As an act of defiance, the Titan “locks eyes with the eagle, he grits his teeth, he bears the punishment, all for the betterment of mankind,” Atkins said.

And to remind us of his sacrifice, in a corner of the painting, Rubens paints a lit torch. It’s all about the gift of fire.

If all this sounds like the stuff of graphic novels, that’s exactly what inspired the museum curators and the local comic book publisher Locust Moon Press to collaborate. Ten artists and writers were commissioned to interpret the myth.
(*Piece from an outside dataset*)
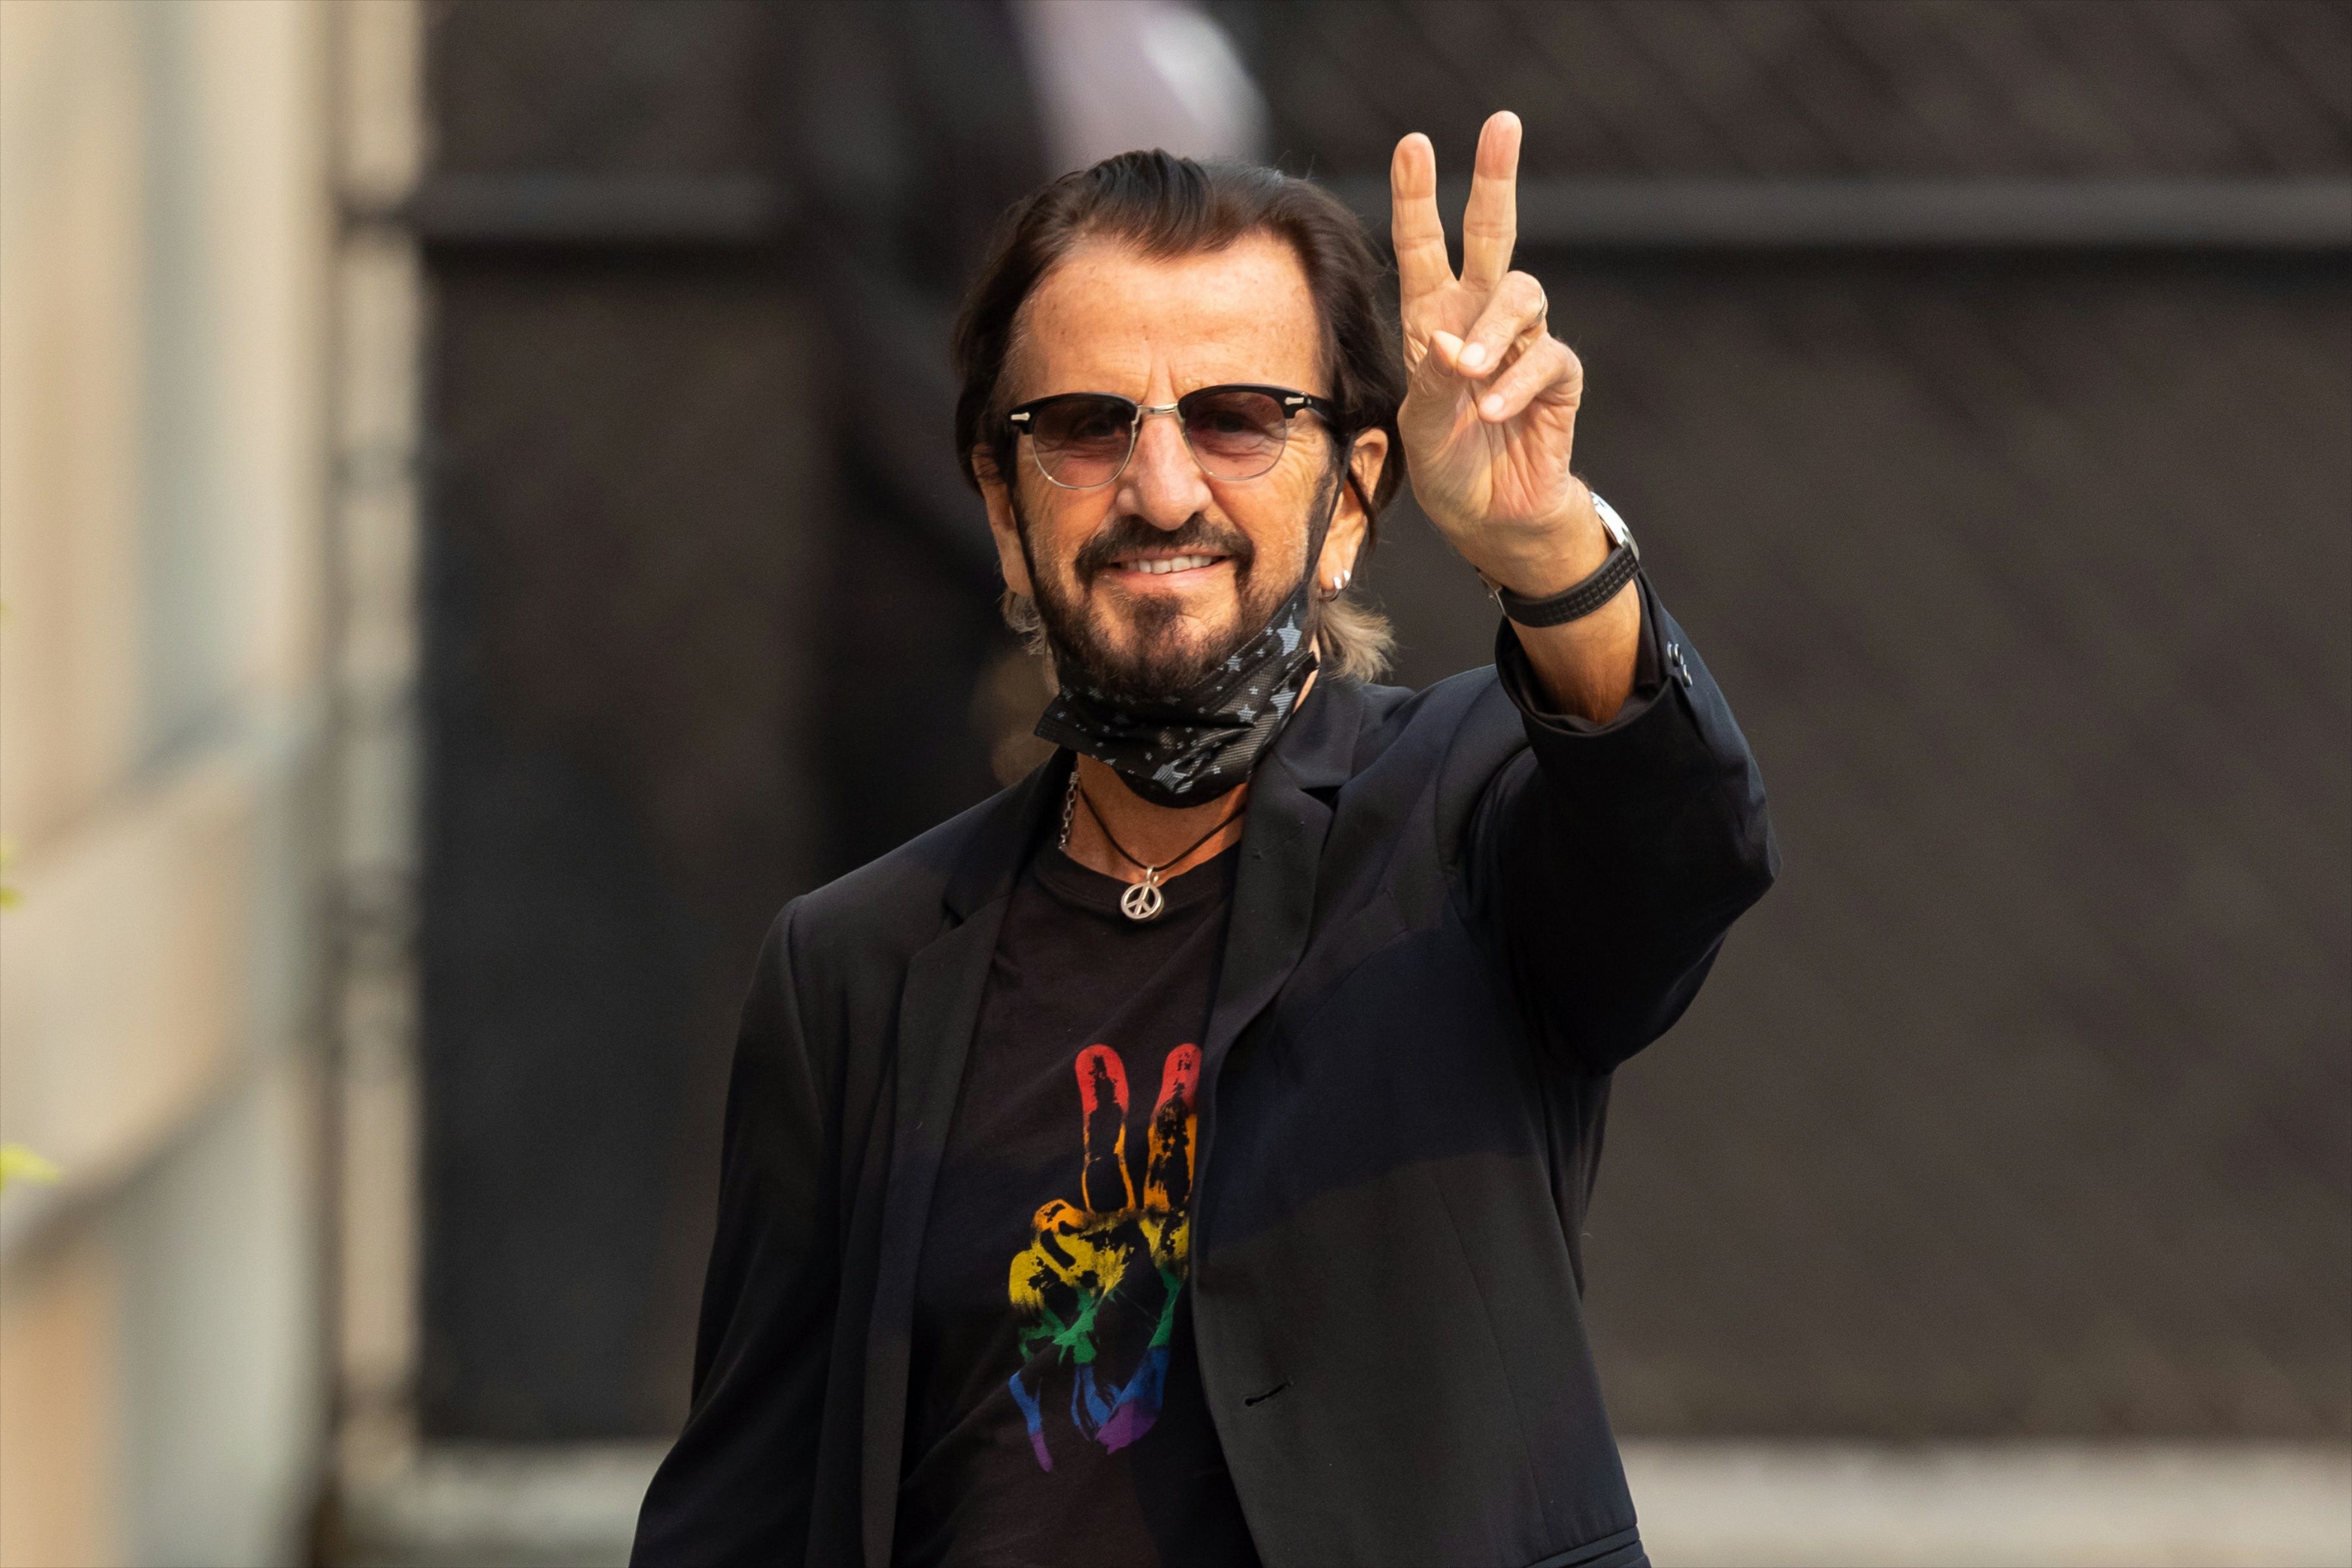 Musician Ringo Starr

The result is a 25-page full-color book titled “Prometheus Eternal” represented in a variety of styles.

Illustrator Yuko Shimizu reduced the drama to a one-page stylized drawing.

“There are chains around the fire, the most important part of who he is,” she said. “And so without drawing him, we get the symbol, and the eagle is attacking the fireball.”

Throughout the centuries, the story of Prometheus has inspired inventors and artists, said Atkins.

“It depends on which classical source you read,” he said. “Either he gave humanity literally fire, from which we cook food or technology or all sorts of things, or he gave us the creative spark.”

A spark that has become a sort of eternal flame.

In the comic strip by writer Grant Morrison, illustrated by Farel Dalrymple, Prometheus strikes a pose as if to say “Have no fear, Prometheus is here!”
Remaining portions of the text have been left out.